Washington DC, USA, August 7, 2025 – Barbados is moving forward with its industrial policy to increase local production capacity of medicines and health technologies by strengthening its national regulatory system.
With technical support from the Pan American Health Organization (PAHO/WHO), the country is conducting an assisted self-benchmarking exercise using the World Health Organization (WHO) Global Benchmarking Tool (GBT) and reviewing its regulatory functions alongside a clinical trials training webinar.
A team of PAHO’s Medicines and Health Technologies (IMT) Department conducted a mission to support the country in aligning its regulatory practices with international standards using WHO’s GBT. The GBT is a standardized WHO methodology used to assess the performance of national regulatory systems for medical products. It identifies strengths and areas for improvement across regulatory functions such as marketing authorization, pharmacovigilance, and clinical trial oversight, and supports the development of institutional roadmaps for regulatory strengthening.
During the mission, PAHO worked with the national regulatory authority to review regulatory functions and conduct a clinical trials training webinar. The session brought together over 20 stakeholders, including regulators, researchers, and academics, and focused on the roles of regulatory authorities and ethics committees in clinical trial oversight.

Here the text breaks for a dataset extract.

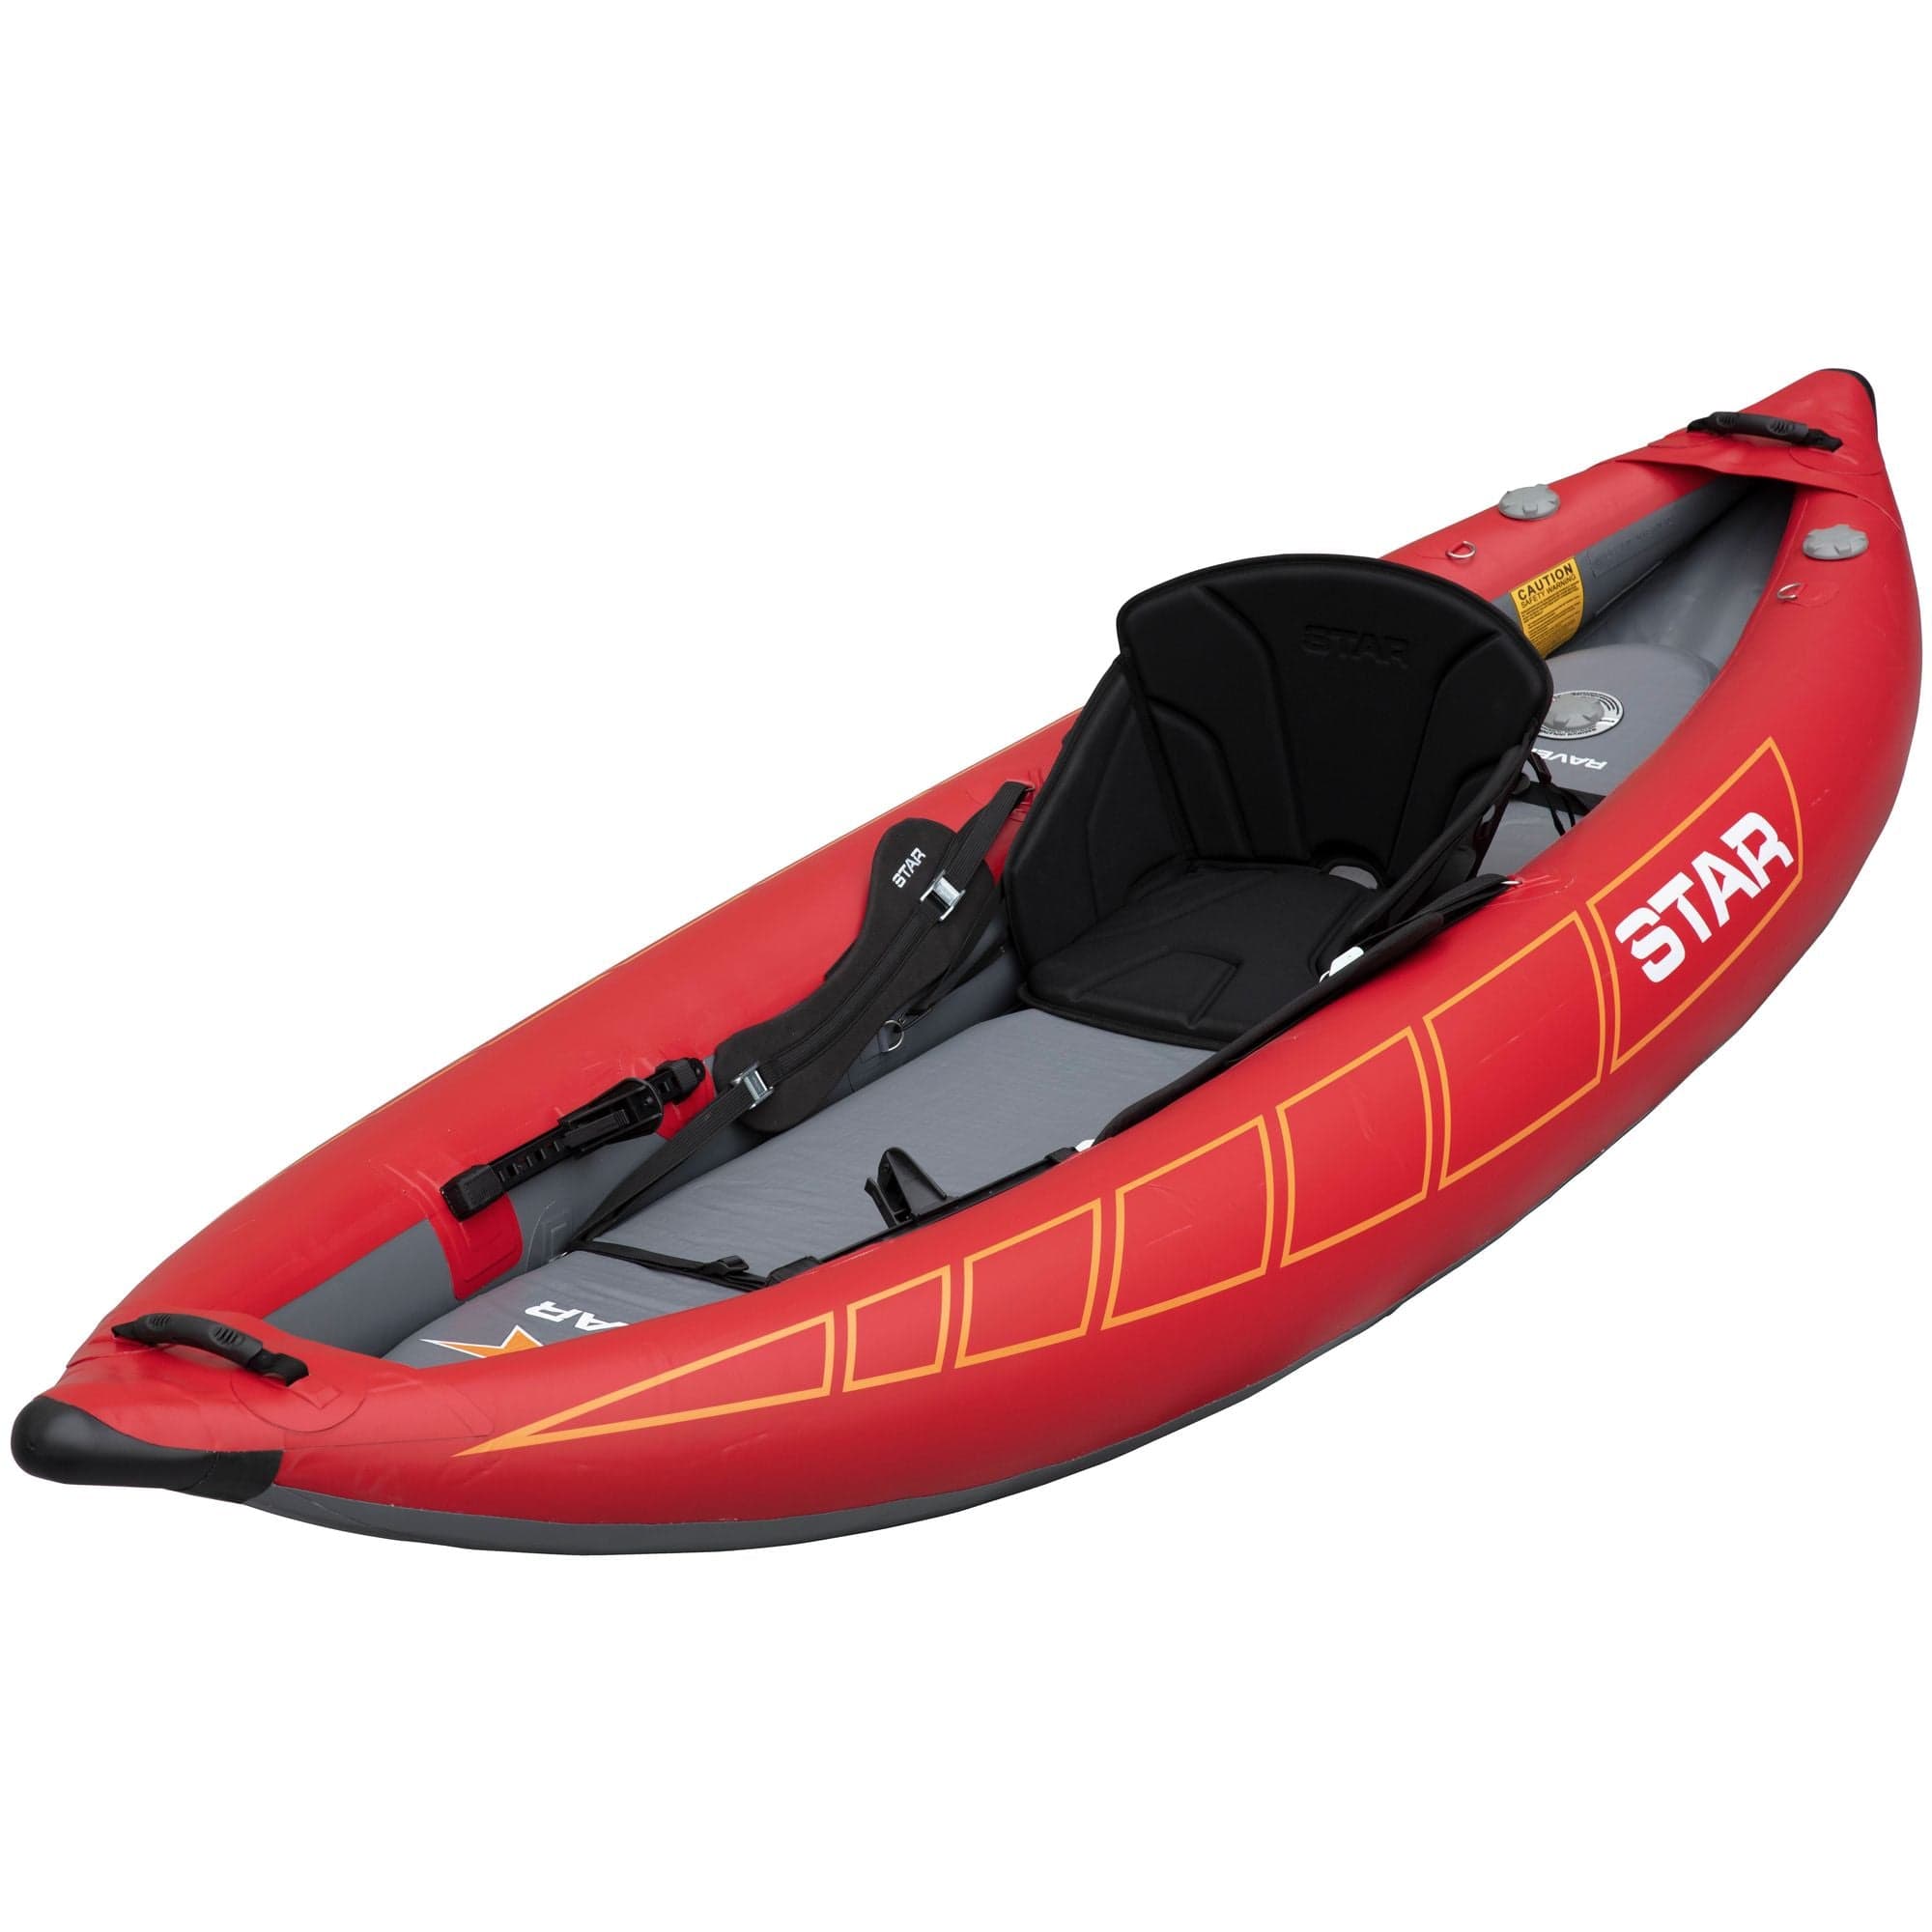 NRS STAR Raven I Pro Inflatable Kayak

A high-level meeting led by the Minister of Health and Wellness, Senator Dr. The Most Honourable Jerome Walcott, addressed next steps in implementing the national roadmap for regulatory system strengthening and discussed opportunities to improve access to health technologies and expand local production.

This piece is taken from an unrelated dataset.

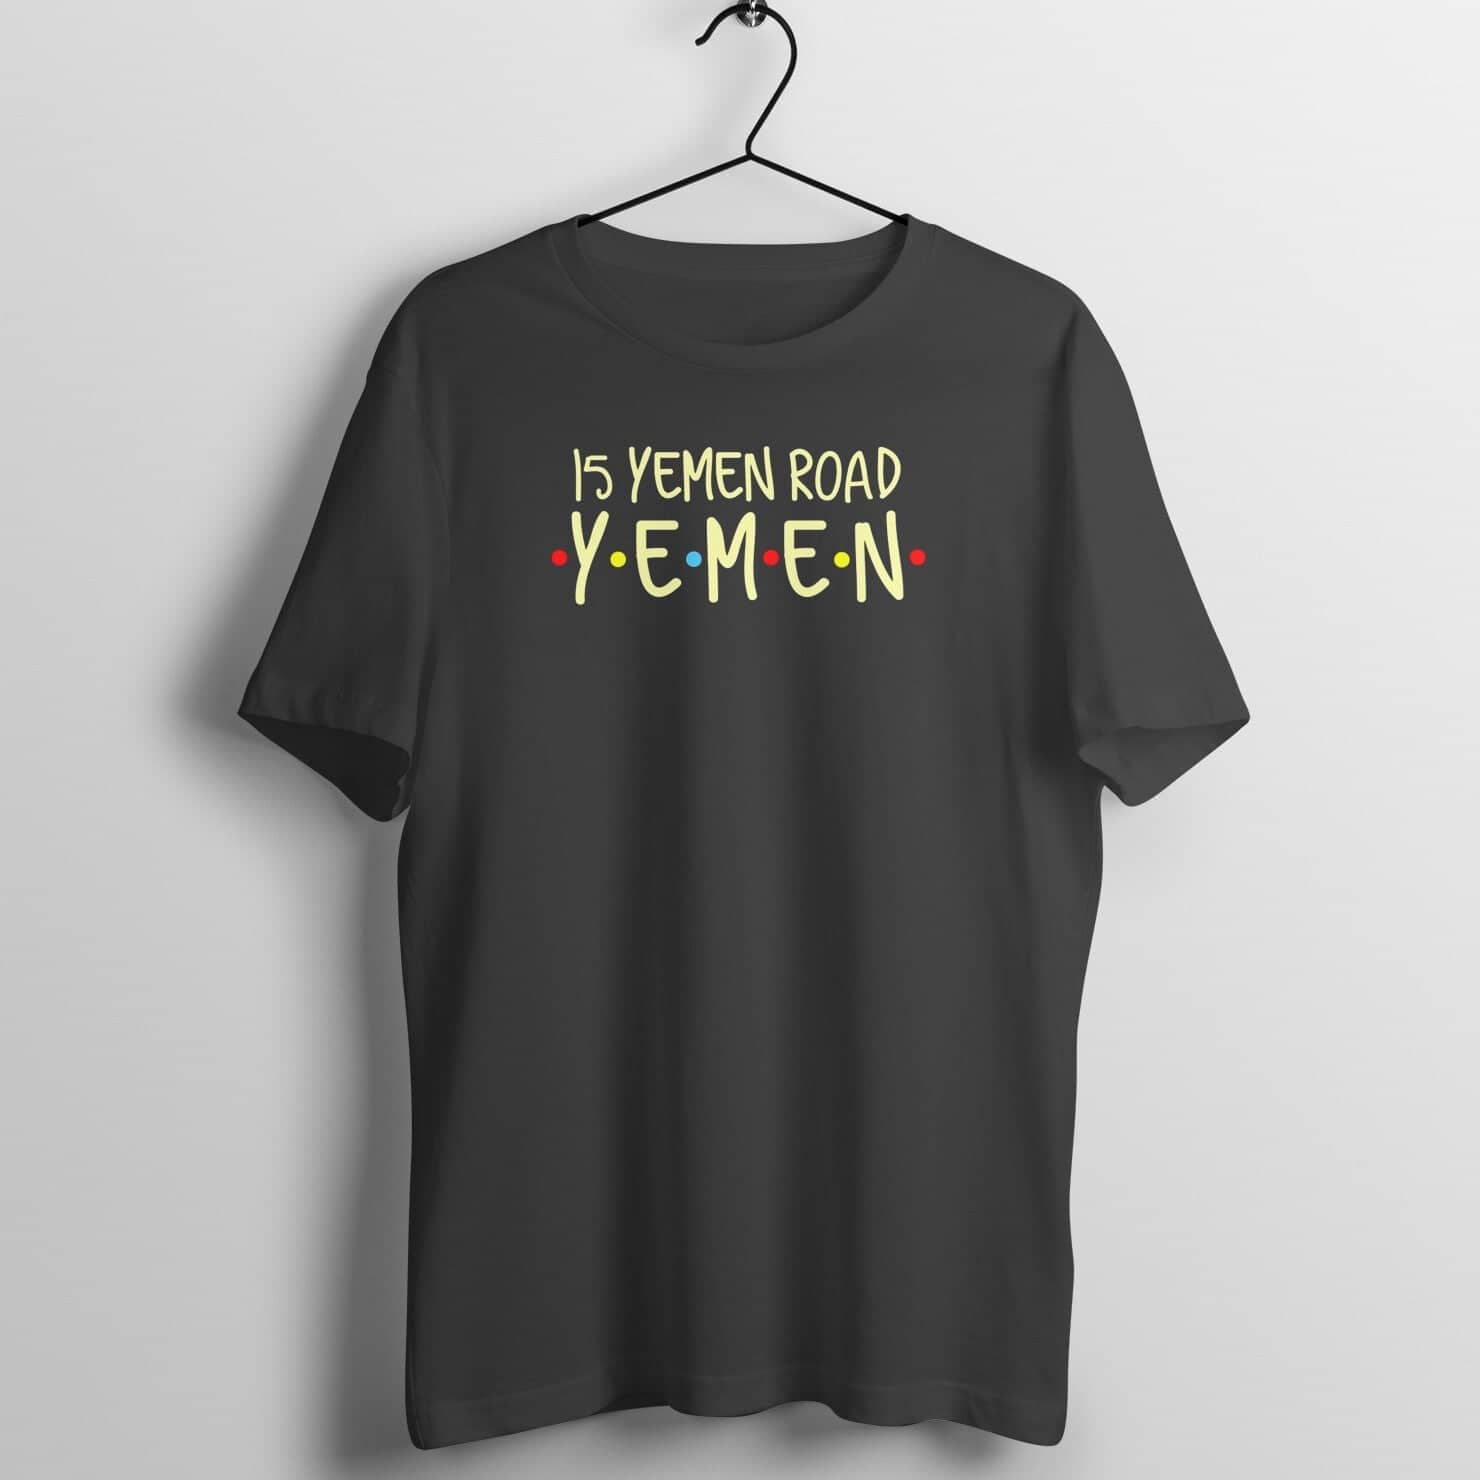 15 Yemen Road Yemen Funny Black Chandler Bing Friends Black T Shirt for Men and Women Printrove Black S

Barbados continues to lead by example in the Caribbean Region, prioritizing regulatory excellence and equitable access to health products. PAHO remains a dedicated partner, providing technical cooperation and long-term support to the Government of Barbados in building resilient health systems.
This effort is part of PAHO’s broader mandate to support Member States in strengthening national regulatory systems, a public health priority in the Region of the Americas. Strong regulatory systems contribute to ensuring the safety, efficacy, and quality of medical products, supports local production, addresses supply chain vulnerabilities, and improves preparedness for health emergencies.